- OpenAIの幹部が2026年6月にFinancial Timesで「チャットは終わった」と発言し、ChatGPTを数週間以内にスーパーアプリへ刷新すると明らかにした
- Codexなどのコーディングツールとエージェント機能を統合し、個人・業務の全領域を支援するパーソナルエージェントへの転換を図る
- Anthropicとの競争激化とIPO前の収益強化を背景に、無料ユーザーの有料転換を狙う戦略的な方向転換だ
「チャットは終わった」という宣言
2026年6月7日にTechCrunchが報じた内容によれば、OpenAIの幹部がFinancial Timesへのインタビューで「チャットは終わった(Chat is dead)」と述べました。同社は数週間以内にChatGPTを大幅に刷新し、AIエージェントやコーディングツールを統合した「スーパーアプリ」として再定位する計画を進めています。
この発言が示すのは、ChatGPTが単なる会話型インターフェースを脱却し、ユーザーの日常業務や専門的な作業を包括的に支援するプラットフォームへ変わるという方向性です。2022年末の公開以来、会話型AIの代名詞として知られてきたChatGPTは、大きな転換点を迎えつつあります。
スーパーアプリの具体的な姿
OpenAIでコア製品・プラットフォームを統括するティボー・ソティオー(Thibault Sottiaux)氏は、目指す姿を「生活のあらゆる場面でユーザーを支援できる、自分だけのパーソナルエージェント」と説明しています。新しいChatGPTへの統合が予定される機能は次の通りです。
- Codexをはじめとするコーディング支援ツール
- タスクを自律的に実行するAIエージェント機能
- 個人・業務の両領域をカバーするパーソナルアシスタント
これらを一つのアプリに集約することで、ユーザーが複数のツールを切り替える手間を省き、ChatGPTを生活の中心的なハブとして位置づける狙いがあります。

段階的な戦略転換の経緯
今回の刷新は、数か月にわたる段階的な戦略の積み重ねです。2026年3月、Wall Street Journalがすでに同社の大規模な戦略転換を報じていました。続く4月には、動画生成ツールSoraなど独立した製品群を「サイドクエスト」として一時的に縮小し、機能をChatGPTへ集約する布石が打たれました。
同社はこれと並行して、「Dreaming」と呼ばれる新たなメモリシステムをChatGPTに導入し、ユーザーの嗜好を継続的に学習する基盤も整えてきました。エージェント機能とパーソナル記憶が組み合わさることで、スーパーアプリとしての体験が一段と個人化されるでしょう。
IPOと収益化が背景に
この転換には、ビジネス上の明確な目標があります。OpenAIはIPO(株式上場)を控えており、収益基盤の強化が急務です。スーパーアプリへの移行は、現在の大量の無料ユーザーを有料プランへ誘導するための重要な施策となります。
Codexをはじめとする開発者向けツールは、特に有力な収益源として期待されています。

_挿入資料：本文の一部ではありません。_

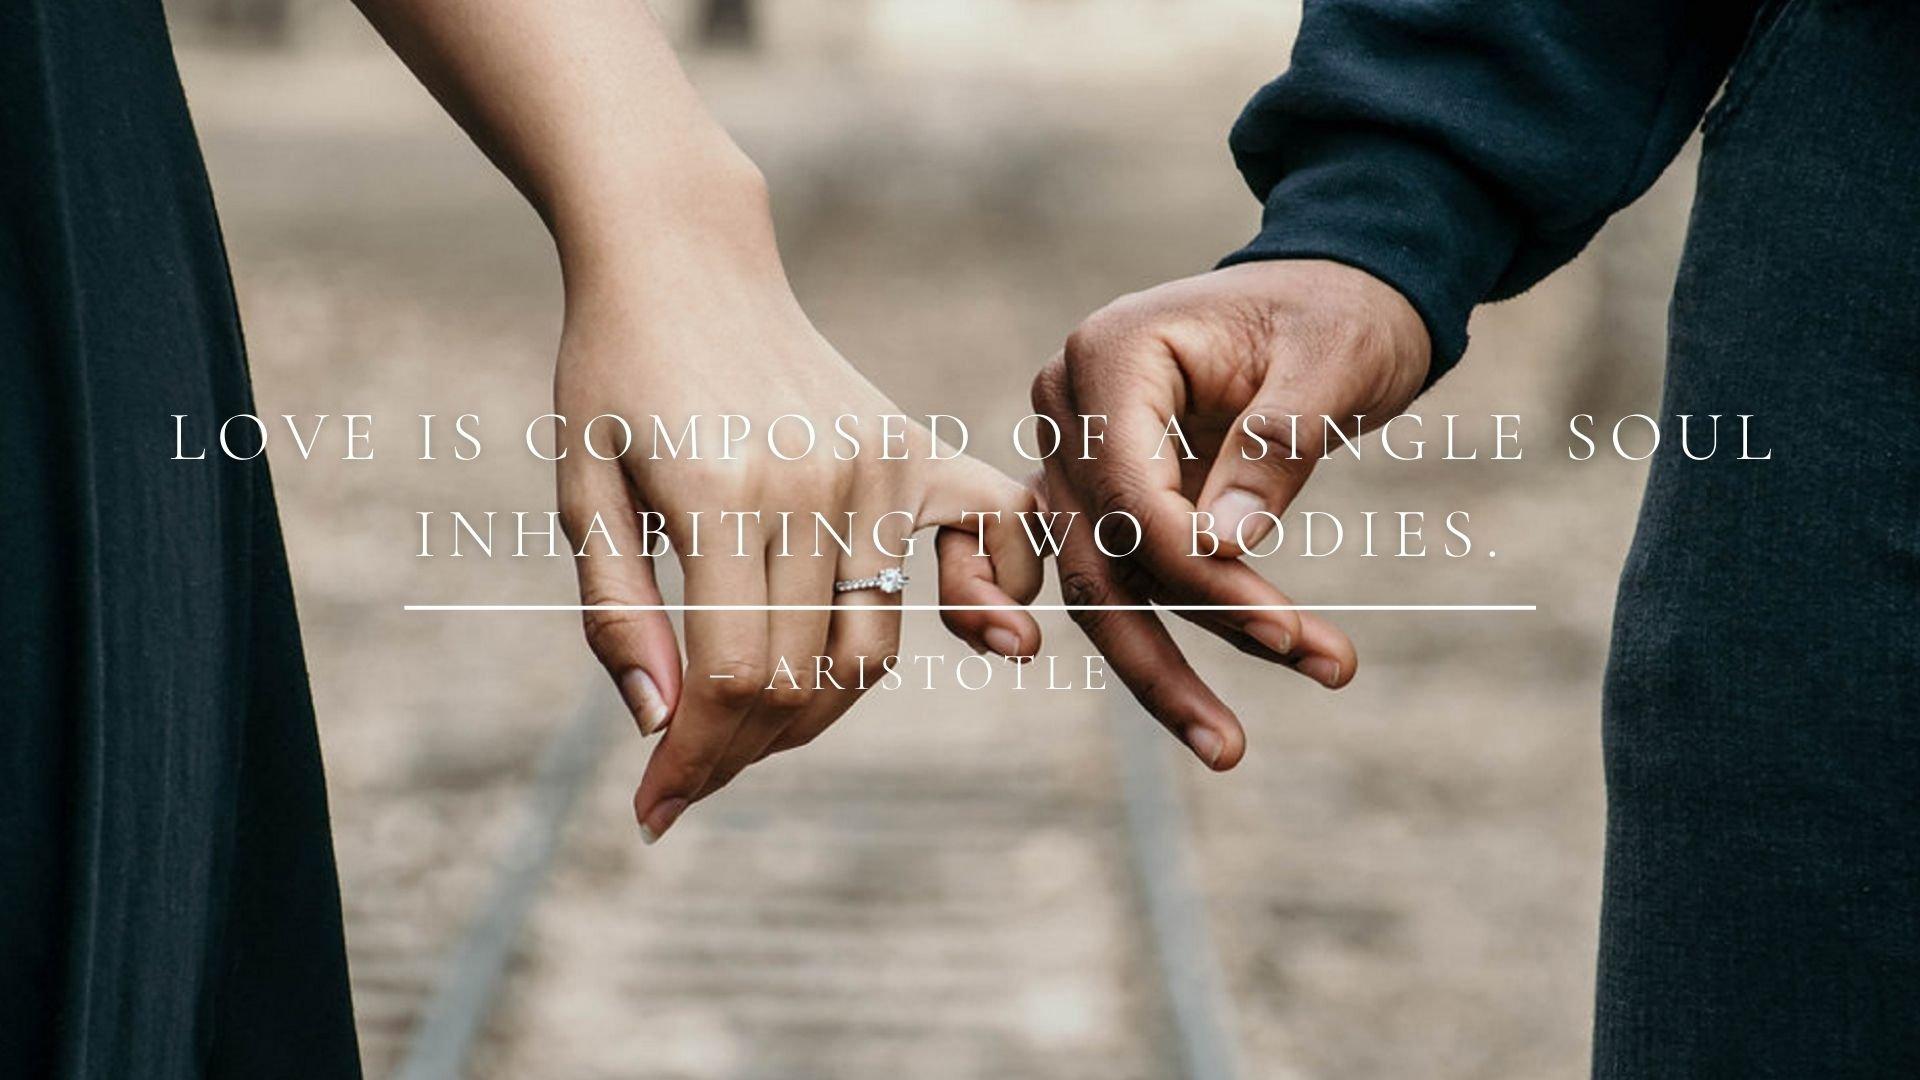 цитати які мотивують, мотиваційні цитати англійською про кохання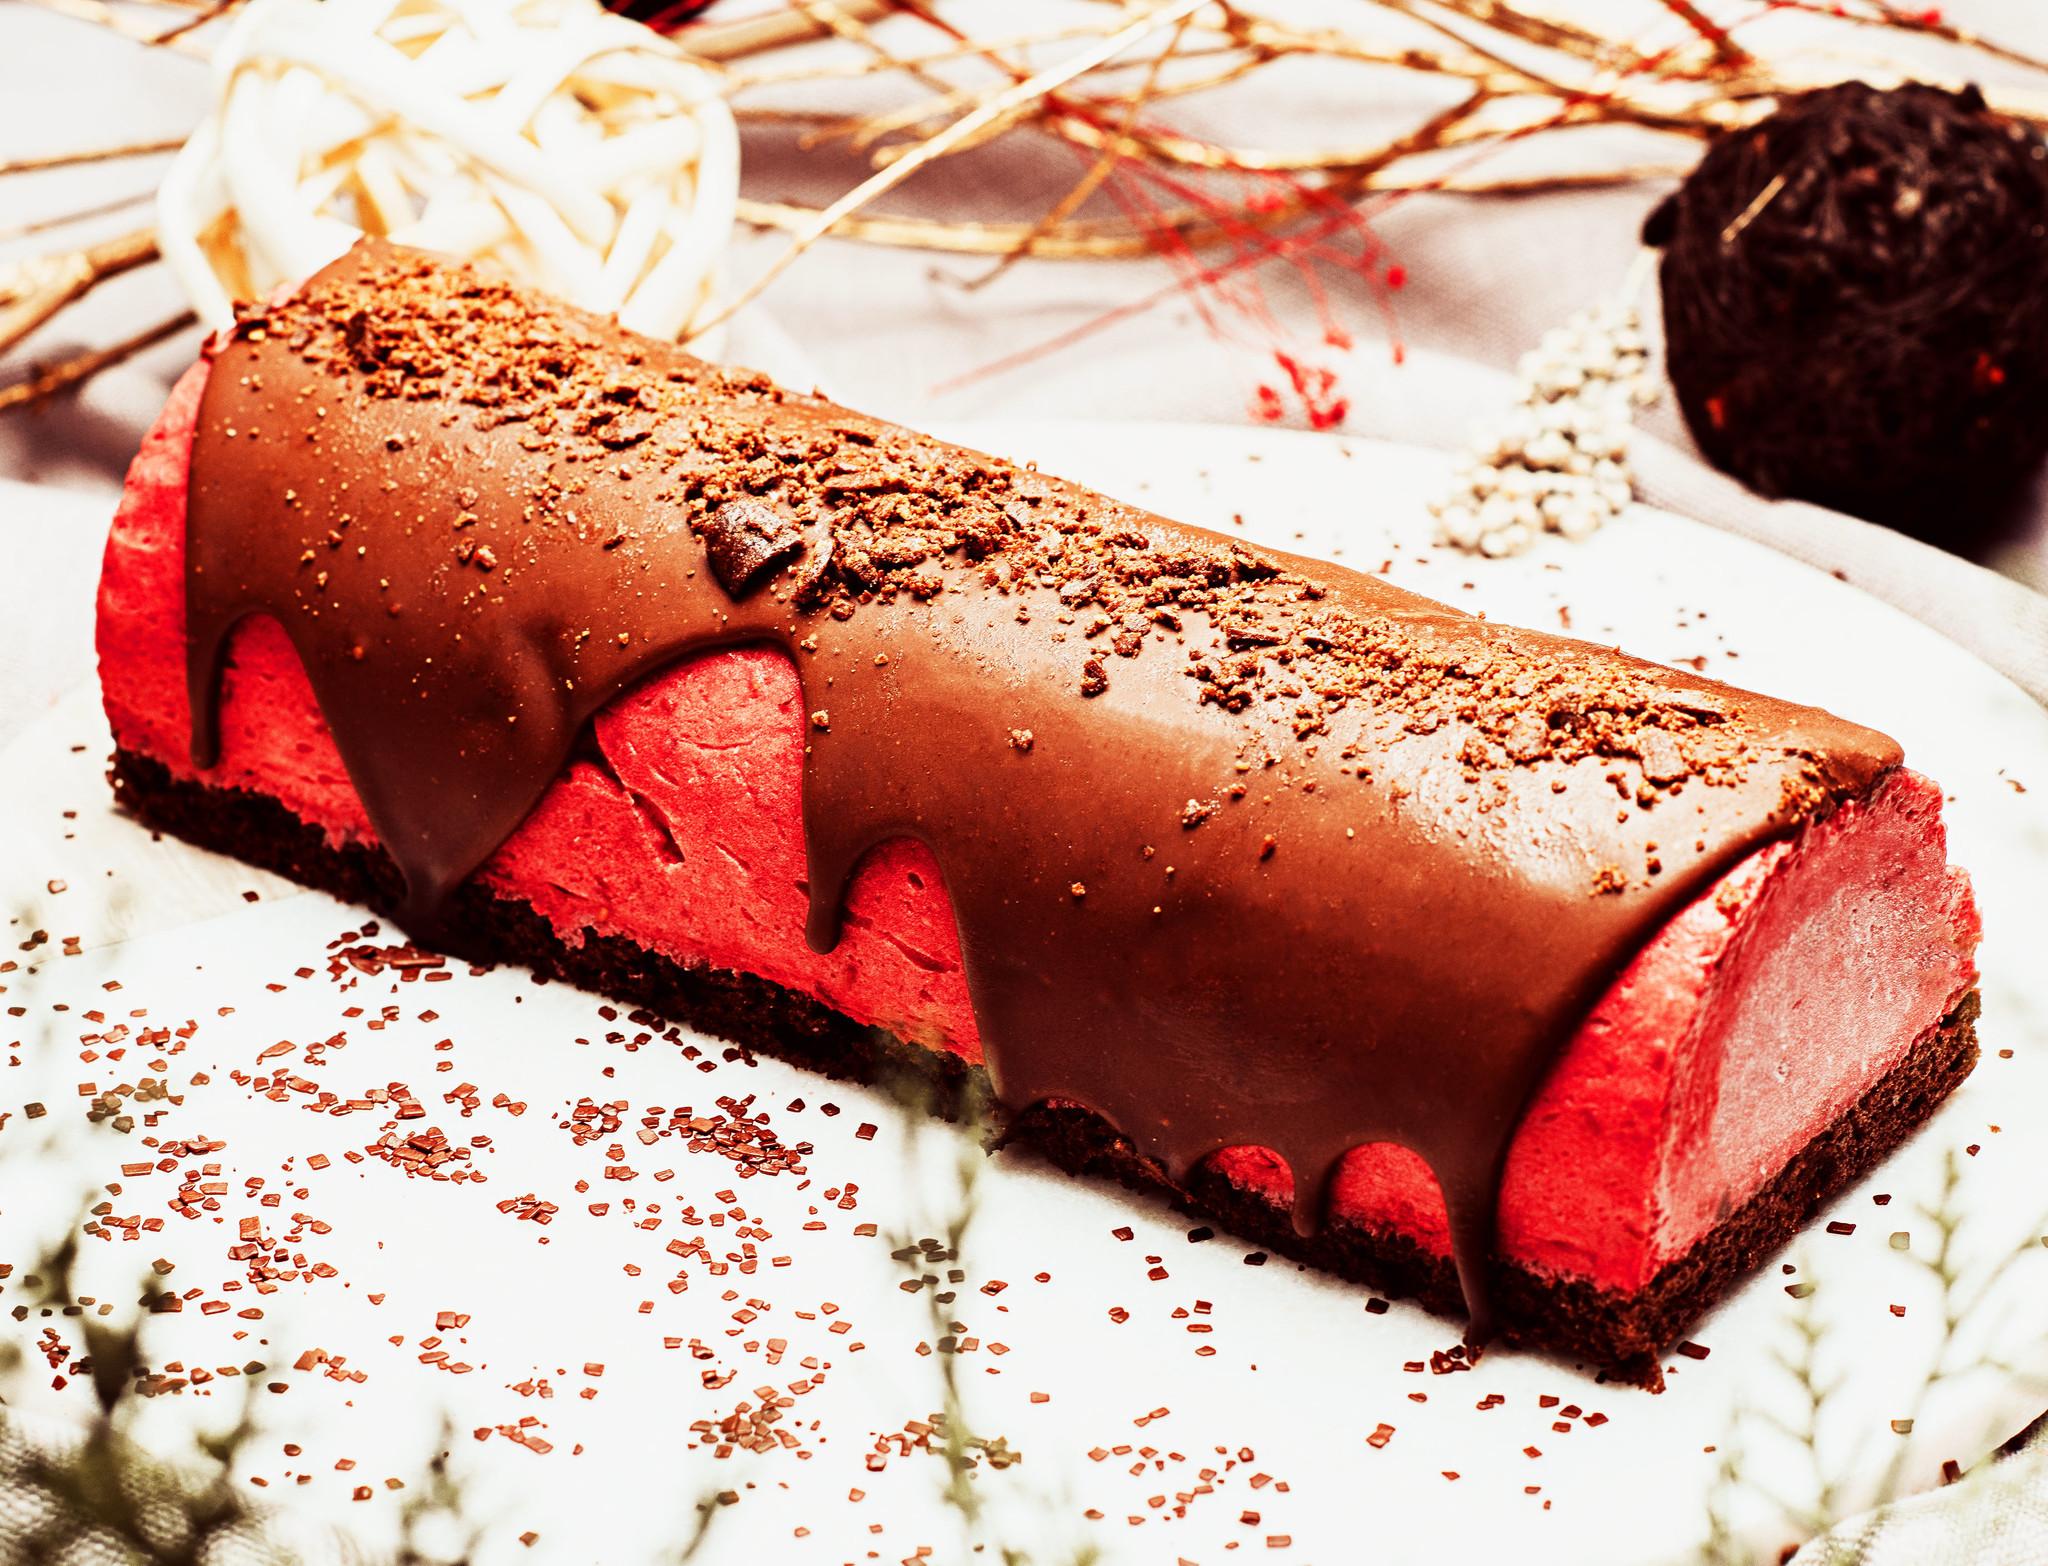 Bûche framboises & chocolat (LIQUIDATION, prix régulier: 20.00)

プログラマーや企業の開発チームに高い付加価値を提供できれば、有料転換率の向上につながります。Anthropicとのビジネス顧客をめぐる競争が激化する中、包括的なプラットフォームへの転換はOpenAIの差別化戦略の核心ともいえます。
業界への影響と展望
会話型AIから包括的なエージェント型プラットフォームへの転換は、AI業界全体のトレンドを映しています。GoogleやApple、Metaも類似するスーパーアプリ的な構想を持っており、OpenAIの動きが業界全体の方向性を加速させる可能性があります。
一方、単一アプリへの機能集約は、ユーザーインターフェースの複雑化というリスクも伴います。コーディング、エージェント、日常的なアシスタントという異なる用途を一つの体験にまとめ上げられるかが、刷新後の評価を左右する鍵となるでしょう。数週間以内に予定される公開の全容が明らかになれば、AIサービスの提供形態をめぐる議論にも新たな局面が訪れます。